Наследство имеет в себе сторону глубоко безнравственную: оно искажает законную печаль о потере близкого лица введением во владение его вещами.
По счастию, нас избежало другое отвратительное последствие его — дикие распри, безобразные ссоры делящих добычу возле гроба. Раздел всего именья сделался в какие-нибудь два часа времени, при которых никто не сказал ни одного холодного слова, никто не возвысил голоса и после которого все разошлись с большим уважением друг к другу. Факт этот, главная честь которого принадлежит Голохвастову, заслуживает, чтоб об нем сказать несколько слов.
При жизни Сенатора он и мой отец сделали взаимное завещание родового именья друг другу с тем, чтоб последний передал его Голохвастову. Часть своего именья отец мой продал и капитал этот назначил нам. Потом он дал мне небольшое именье в Костромской губернии, и это по настоятельному требованию Ольги Александровны Жеребцовой. Именье это и теперь находится под секвестром, который правительство, вопреки закона, наложило прежде, чем мне был сделан запрос, хочу ли я возвратиться. После смерти Сенатора мой отец продал его тверское именье. Пока собственное родовое именье моего отца покрывало проданное им из принадлежавшего его брату, Голохвастов молчал. Но когда у старика явилась мысль (163) отдать мне подмосковную с тем, чтоб я деньгами заплатил, по назначению его, долю моему брату и долю другим лицам, тогда Голохвастов заметил, что это несообразно с волею покойника, хотевшего, чтоб именье перешло к нему. Старик, не выносивший ни в чем ни малейшей оппозиции, особенно таким планам, которые он долго обдумывал и потому считал непогрешительными, осыпал племянника колкостями. Голохвастов отказался от всякого участия в его делах и пуще всего от звания душеприказчика. Размолвка сначала пошла так круто, что они было прервали все сношения.

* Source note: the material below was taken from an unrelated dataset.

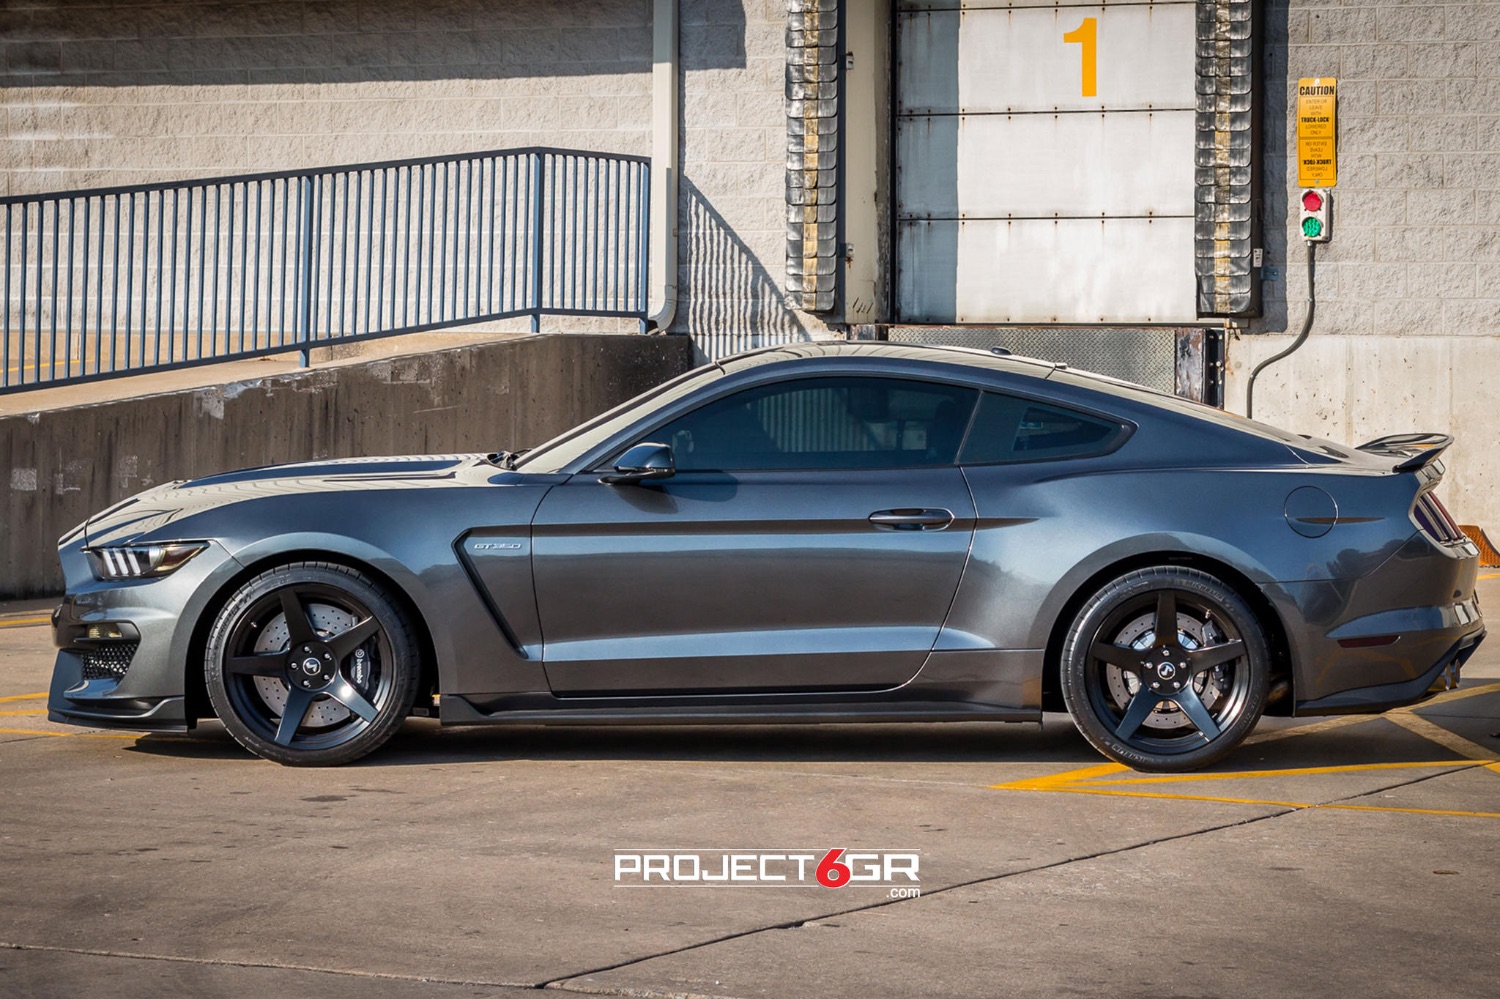 project-6gr-5-spoke-ford-shelby-gt350-satin-black-mustang-01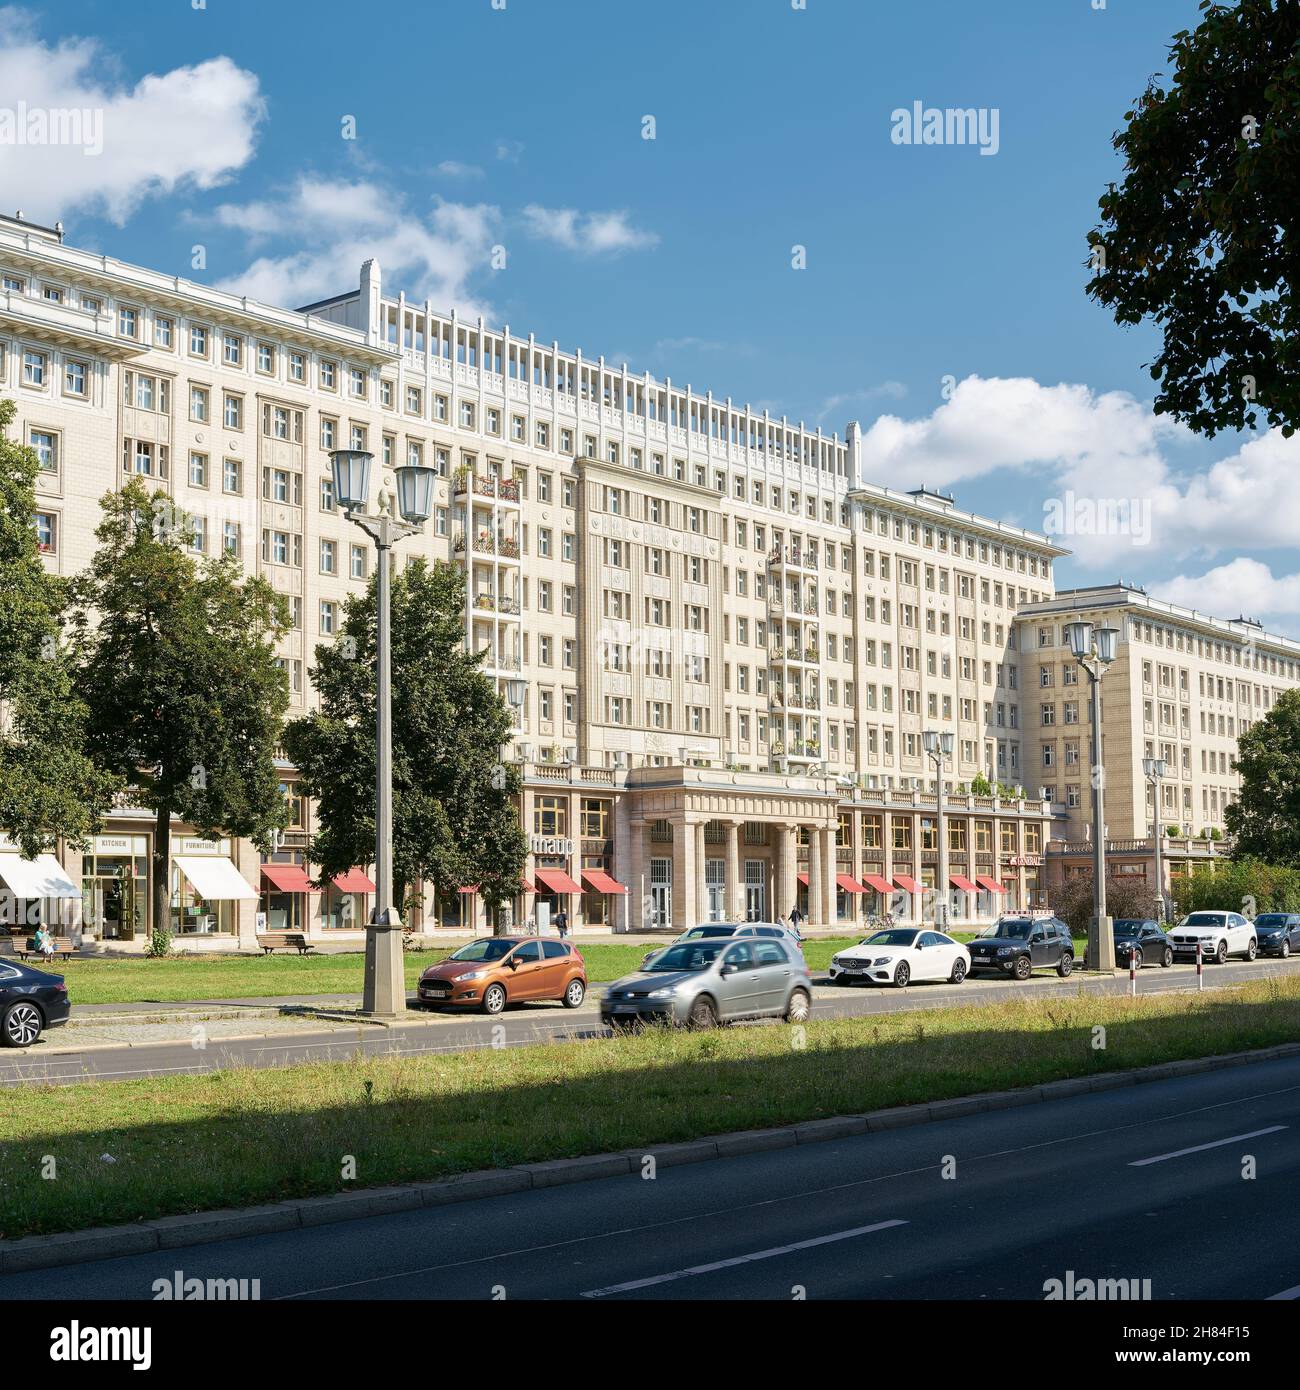 Stores and apartments in Karl-Marx-Allee in the center of Berlin. Karl-Marx-Allee was the boulevard of the former GDR. Stock Photo

Удар этот был не легок старику. Мало было людей на свете, которых бы. он в самом деле любил; Голохвастов был в том числе. Он вырос на его глазах, им гордилась вся семья, к нему отец мой имел большое доверие, его он ставил мне всегда в образец, и вдруг «Митя, сын сестры Лизаветы» в ссоре, отказывается от распоряжений, заявляет свое veto, и уже из-за него видны иронические глаза Химика, с улыбкой потирающего свой нос пальцами, обожженными селитряной кислотой.
По обыкновению, отец мой не показывал ни малейшего вида, что это огорчает его, и избегал разговора о Голохвастове, но заметно стал угрюмее, беспокойнее и чаще говорил об «ужасном веке, в котором ослабли все узы родства и старшие не находят больше того уважения, каким были окружены в счастливые времена», вероятно, когда представительницей всех семейных добродетелей была Екатерина II!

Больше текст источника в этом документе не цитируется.